» **Exercise goal**: Retype, word for word, the line holding "Gianni Versace 421/a" and every line below it to the end of the listing. Leave out the pictures.

» **Supplied data**:

┏━━

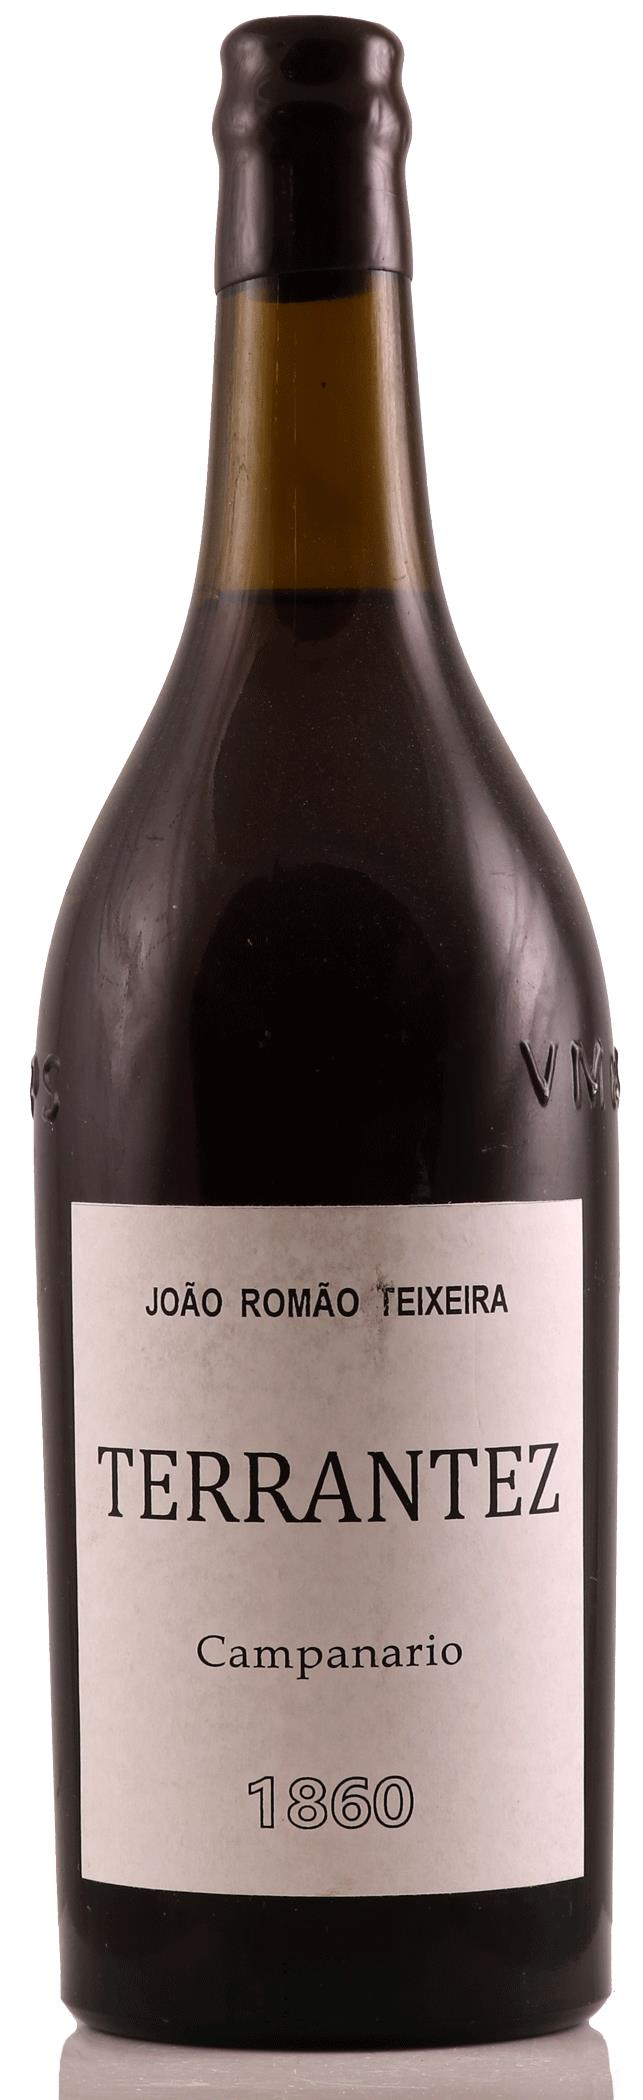 Madeira 1860 Teixeira, Joao Romao
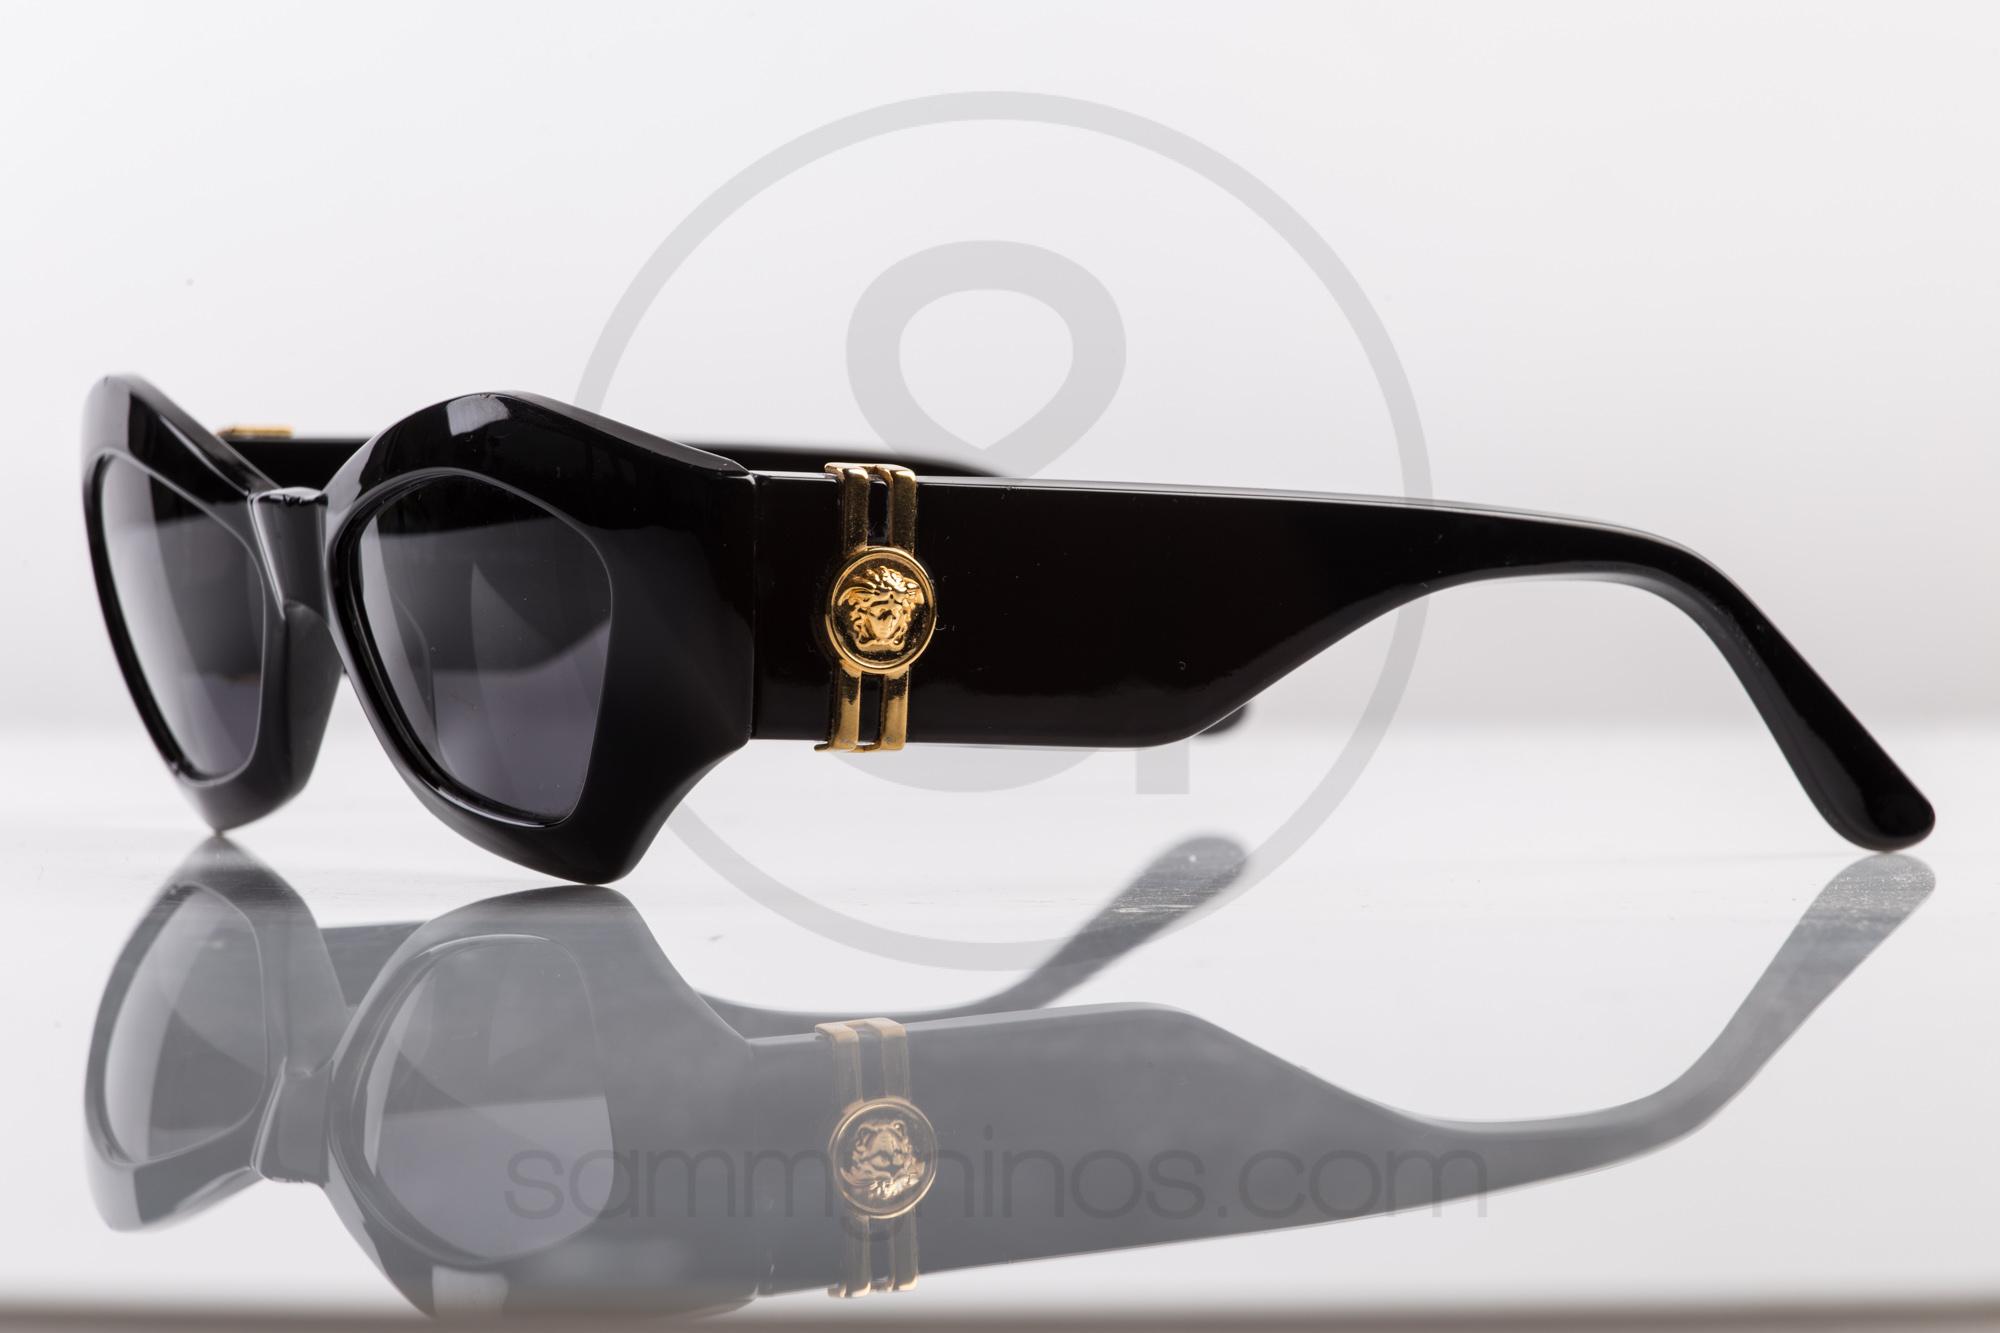 Gianni Versace 421/a 852 – Sammy & Nino\'s Store
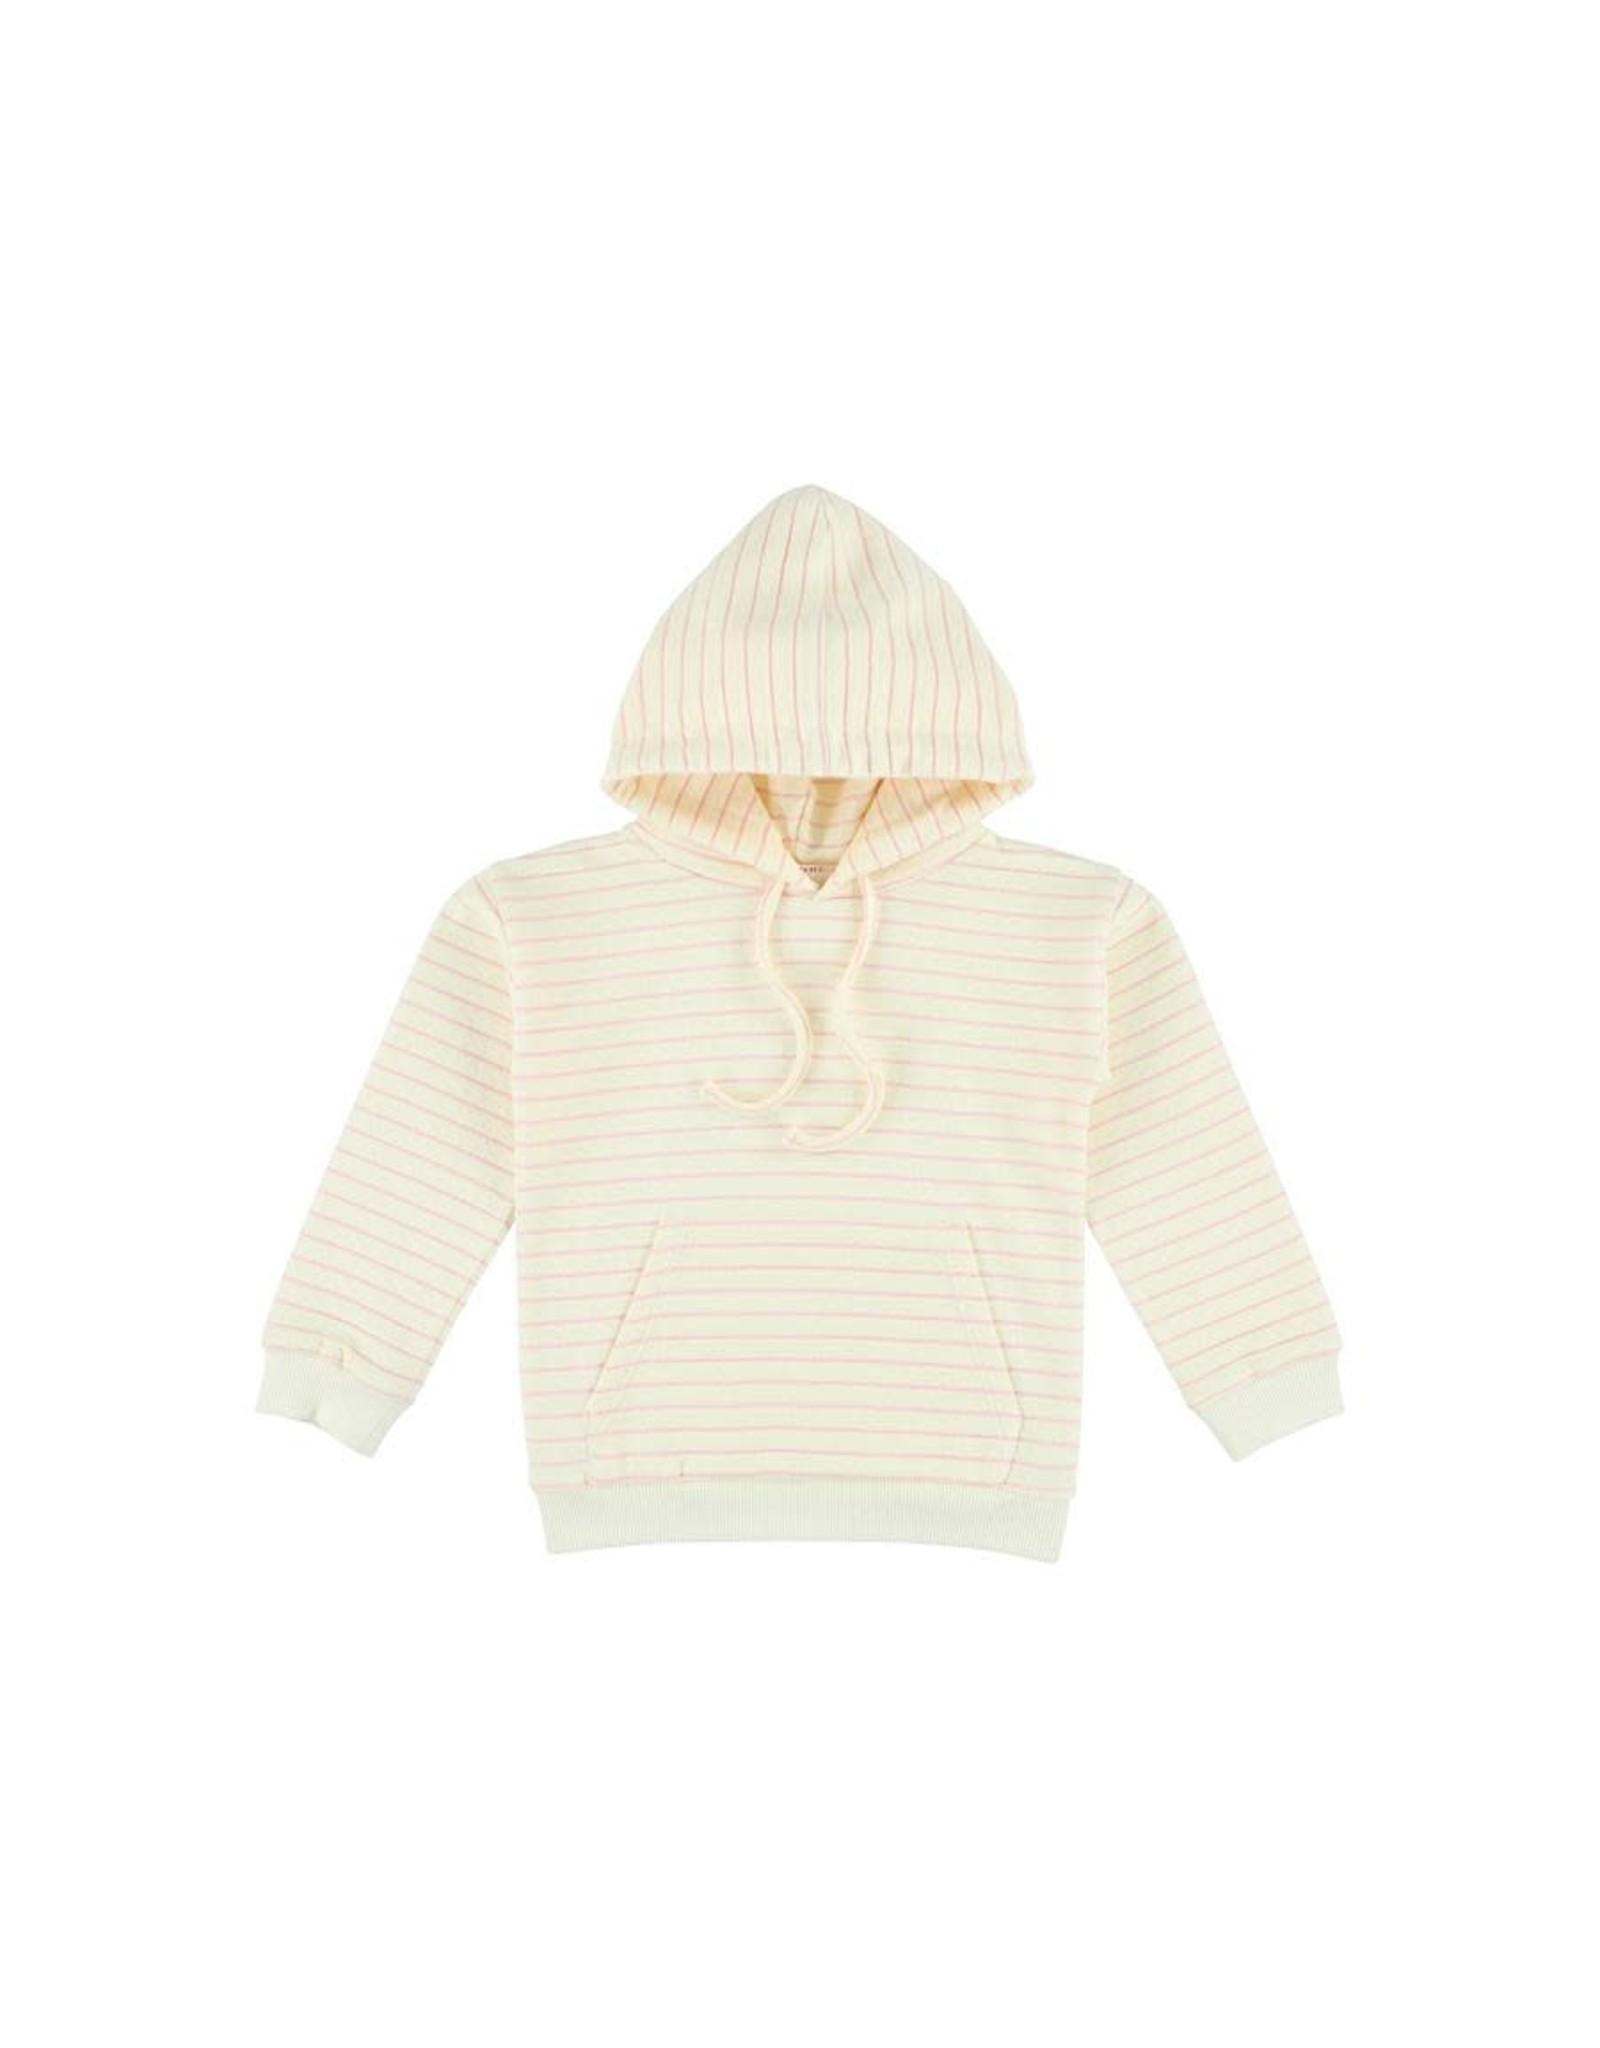 Morley Morley SS21 Jaws Scott Rose sweater

┗━━

» **Written answer**:
 Gianni Versace 421/a 852 – Sammy & Nino\'s Store
 Morley Morley SS21 Jaws Scott Rose sweater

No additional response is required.